Before a packed courtroom in downtown Los Angeles, lawyers representing the Hollywood Foreign Press Assn., which owns the Golden Globes, and Dick Clark Productions, which has produced the annual extravaganza for nearly 30 years, wrapped up their three-week trial with closing arguments  Friday.

U.S. District Court Judge A. Howard Matz had urged the sides to try to settle the case before Friday's finale -- but the parties remained at loggerheads.

At issue is the validity of a 2010 agreement that Dick Clark Productions struck with NBC that would keep the Golden Globes on the network through 2018 -- a deal worth as much as $150 million.  

But soon after that pact was announced, the Hollywood Foreign Press Assn. cried foul. The group sued Dick Clark Productions, contending that the production firm lacked the authority to enter into a new TV contract without its consent. 

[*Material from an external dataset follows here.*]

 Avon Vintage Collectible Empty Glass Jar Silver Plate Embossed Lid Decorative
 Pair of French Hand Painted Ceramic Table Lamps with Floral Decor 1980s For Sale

Dick Clark Productions, meanwhile, maintains that a pivotal section of a 1993 contract gave the firm latitude to renew its TV licensing agreement as long as NBC remained the television broadcast partner.  Dick Clark Productions was acquired in 2007 by Red Zone Capital Management Co., a private equity firm controlled by Washington Redskins owner Dan Snyder.

Matz must now interpret the 1993 agreement. If he sides with the Hollywood Foreign Press Assn., the organization could shop the deal to other networks and launch a bidding war.  

His decision is not expected for several weeks.

"It's going to take some time before I can get back to this," Matz said immediately after declaring the end of the trial. Then he complimented the legal teams, saying: "This case has been handled very professionally and I am grateful for that."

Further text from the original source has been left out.